What is expected: With the pictures removed, write out the data below exactly.

Supplied data Start Marker

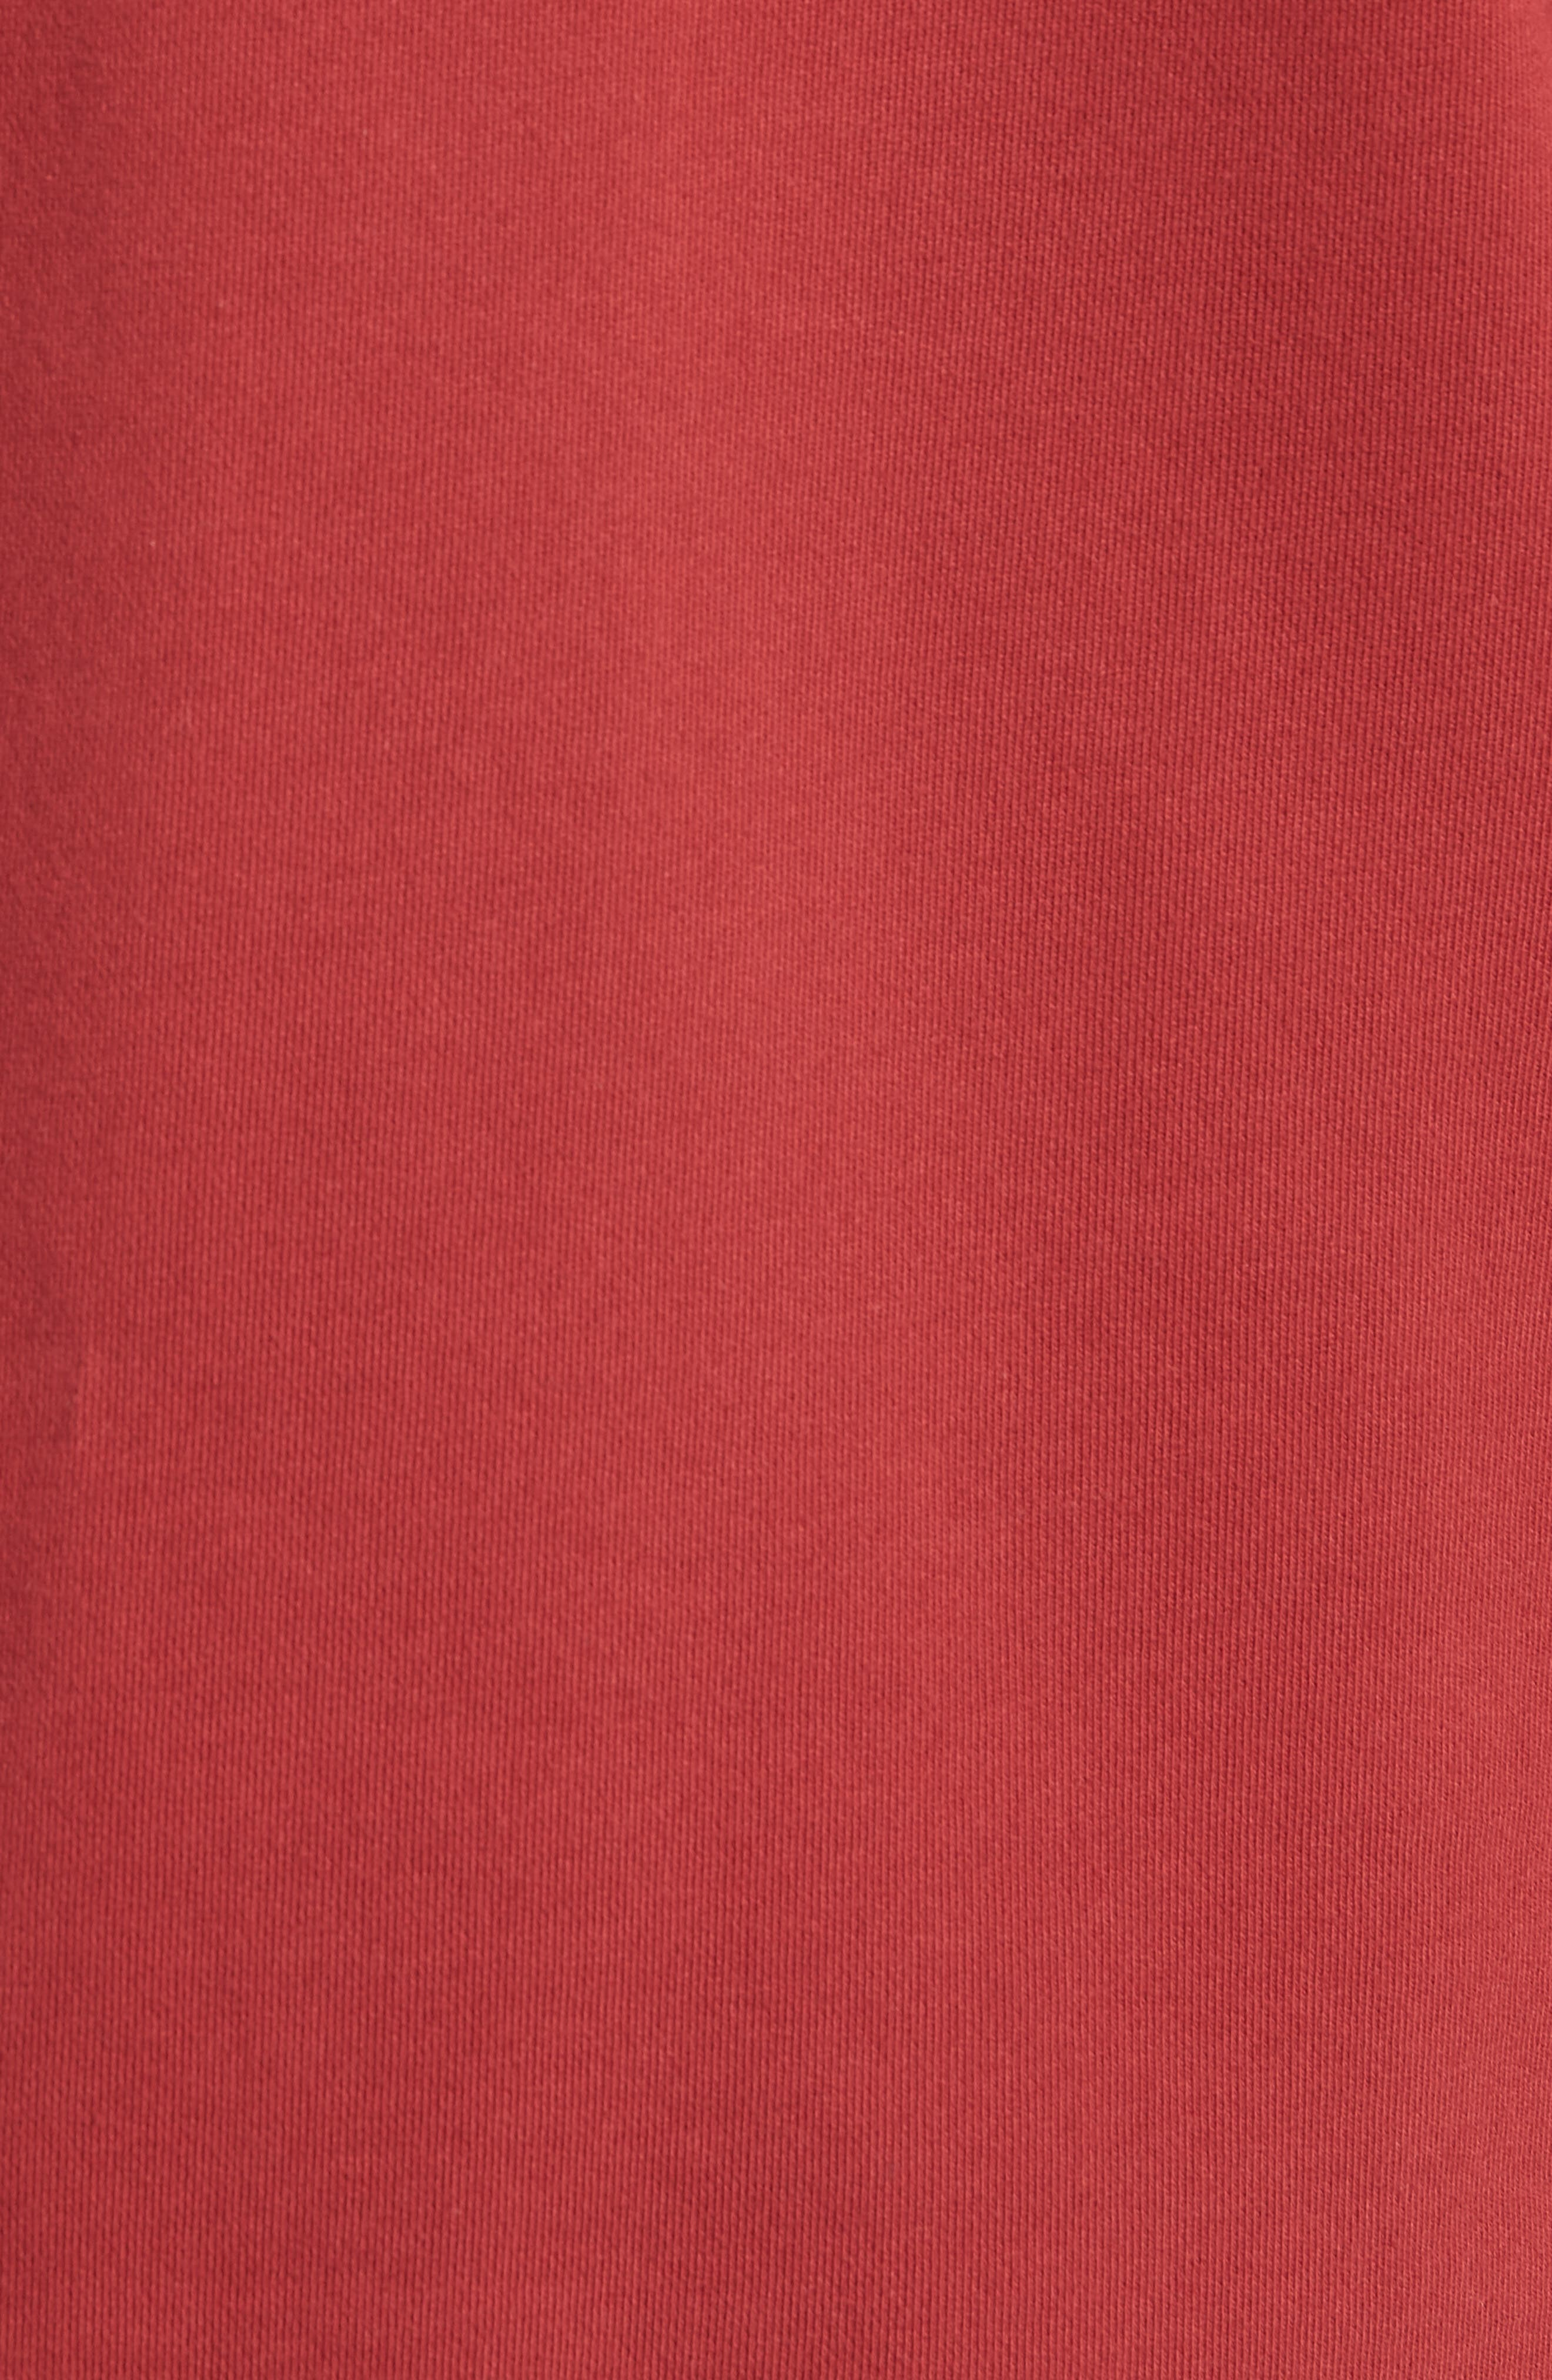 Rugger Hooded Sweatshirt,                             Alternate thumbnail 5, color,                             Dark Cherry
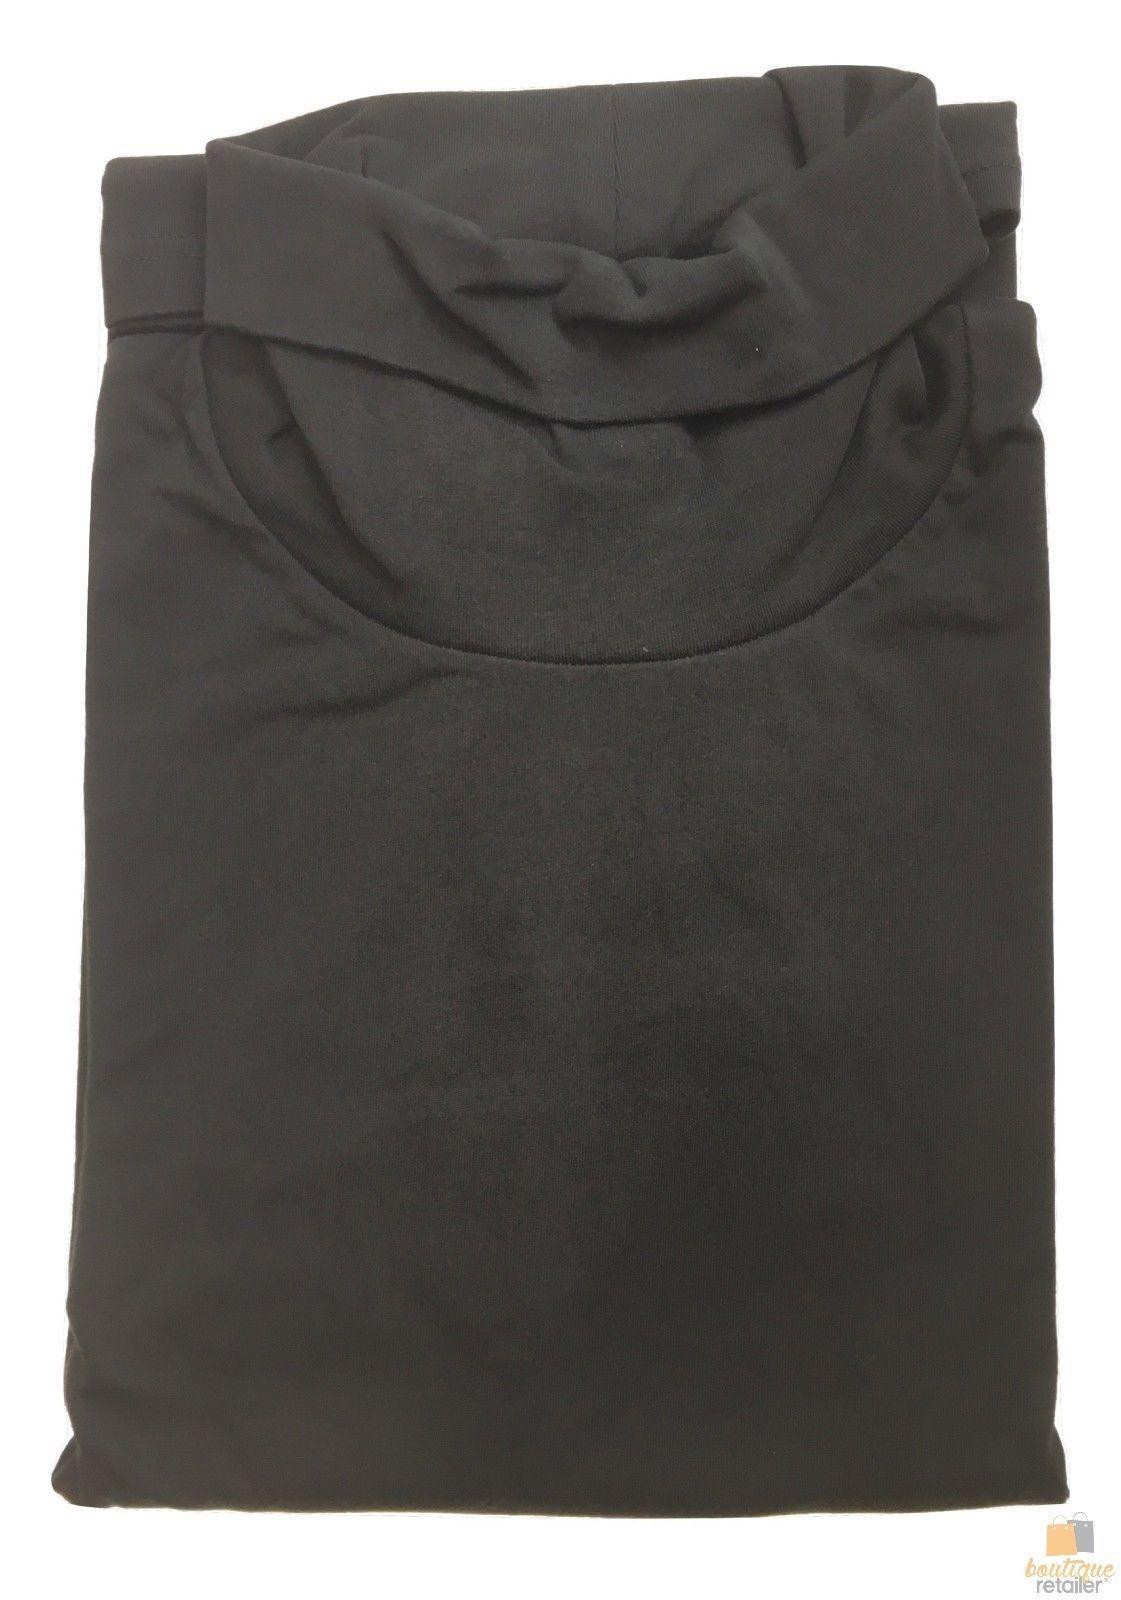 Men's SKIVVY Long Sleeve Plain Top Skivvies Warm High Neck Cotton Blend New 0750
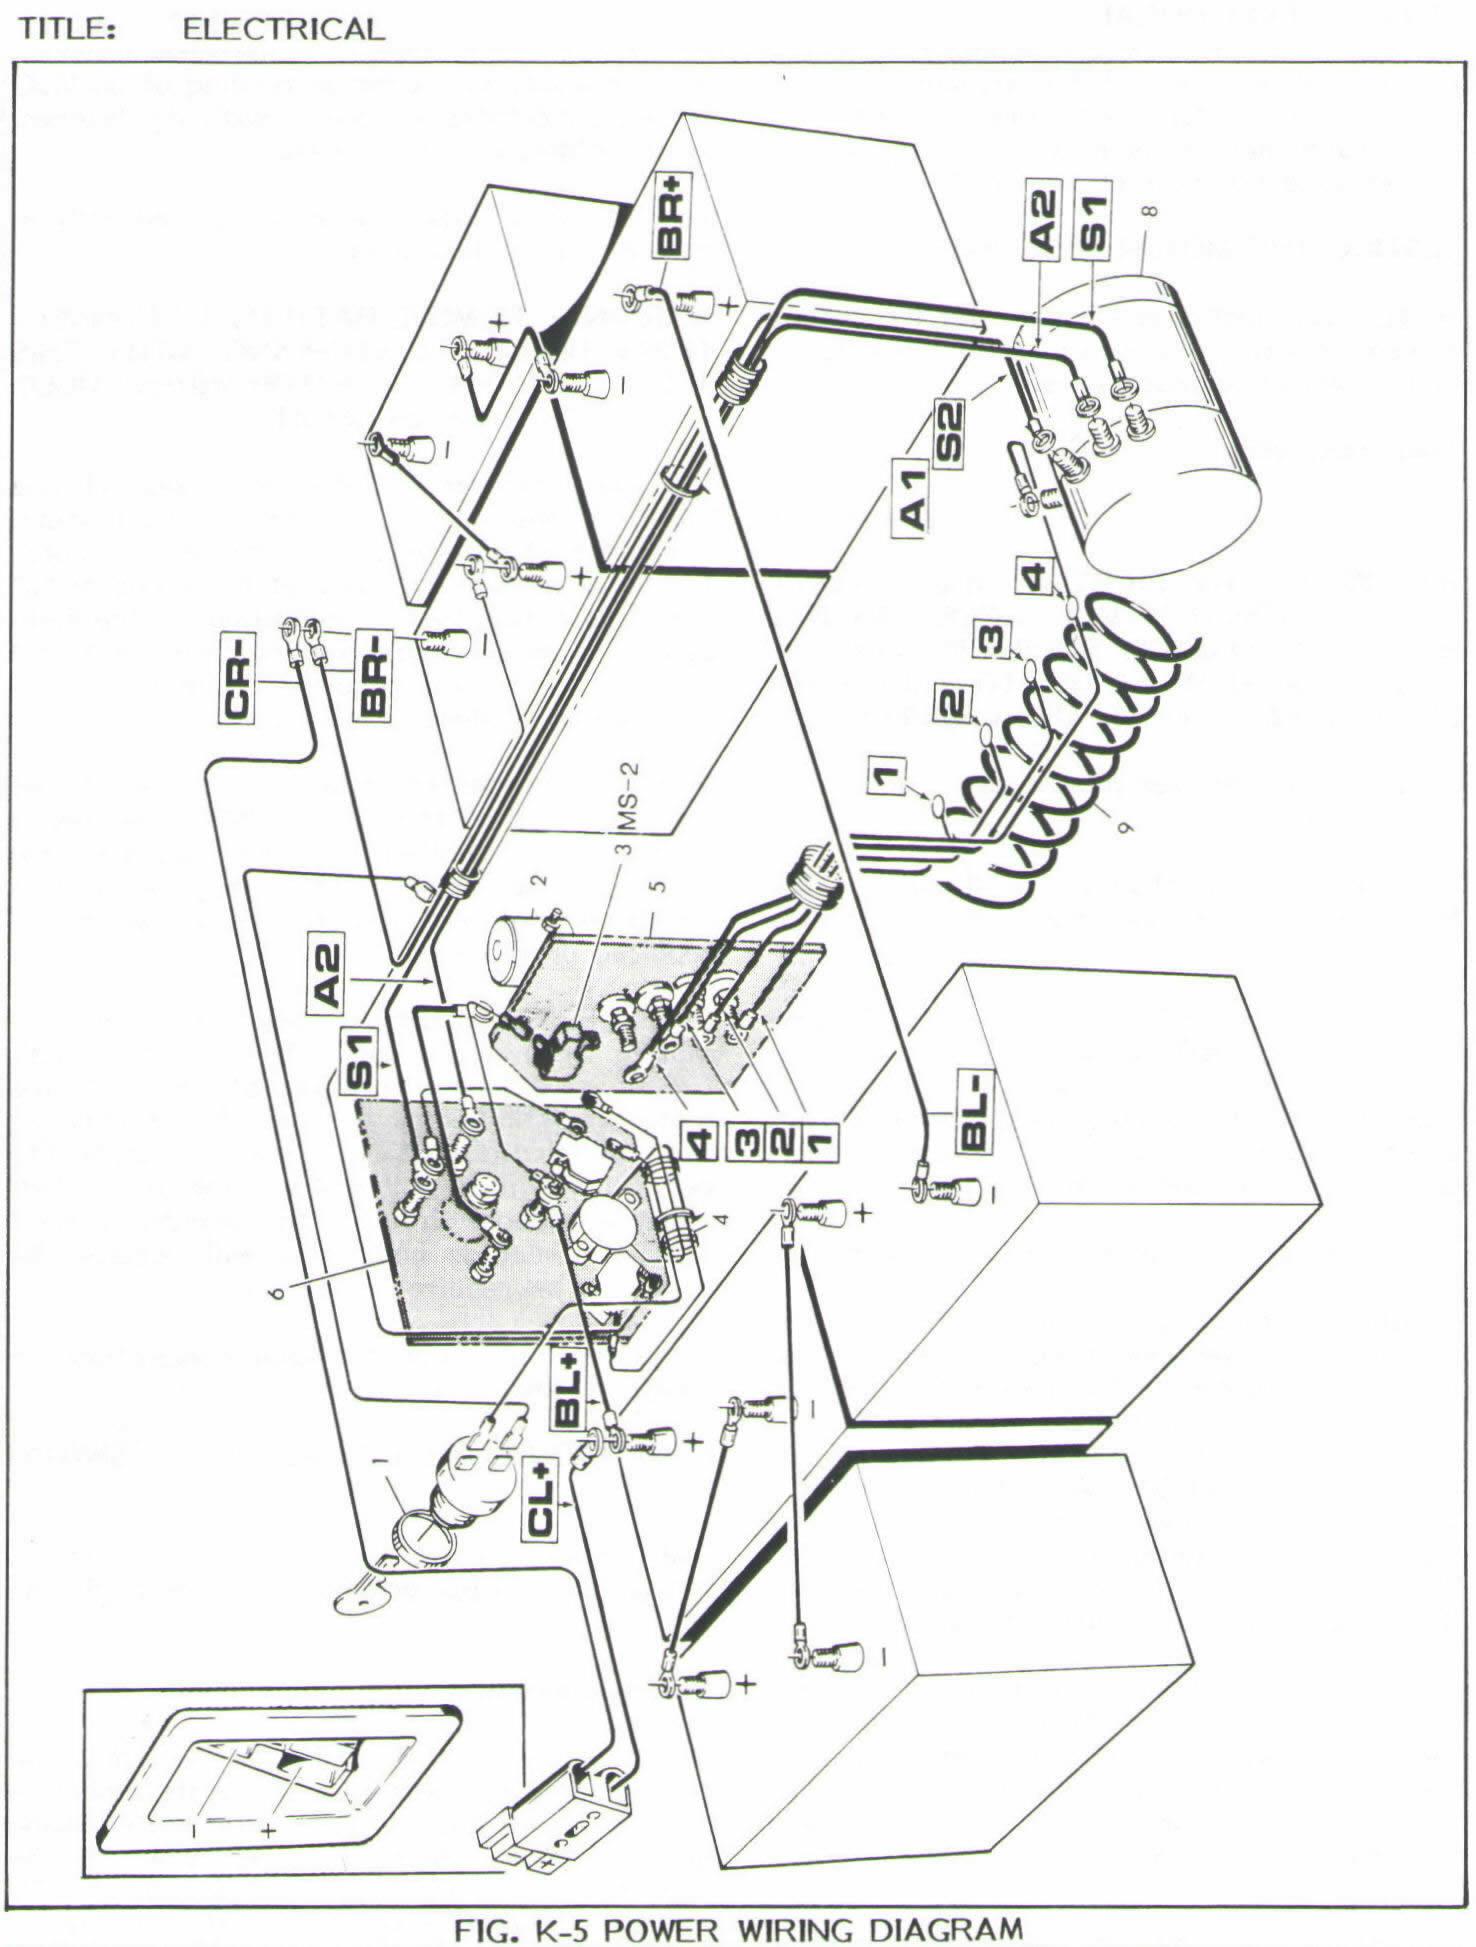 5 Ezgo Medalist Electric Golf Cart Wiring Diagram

Supplied data End Marker

Expected output:
 Rugger Hooded Sweatshirt,                             Alternate thumbnail 5, color,                             Dark Cherry
 Men's SKIVVY Long Sleeve Plain Top Skivvies Warm High Neck Cotton Blend New 0750
 5 Ezgo Medalist Electric Golf Cart Wiring Diagram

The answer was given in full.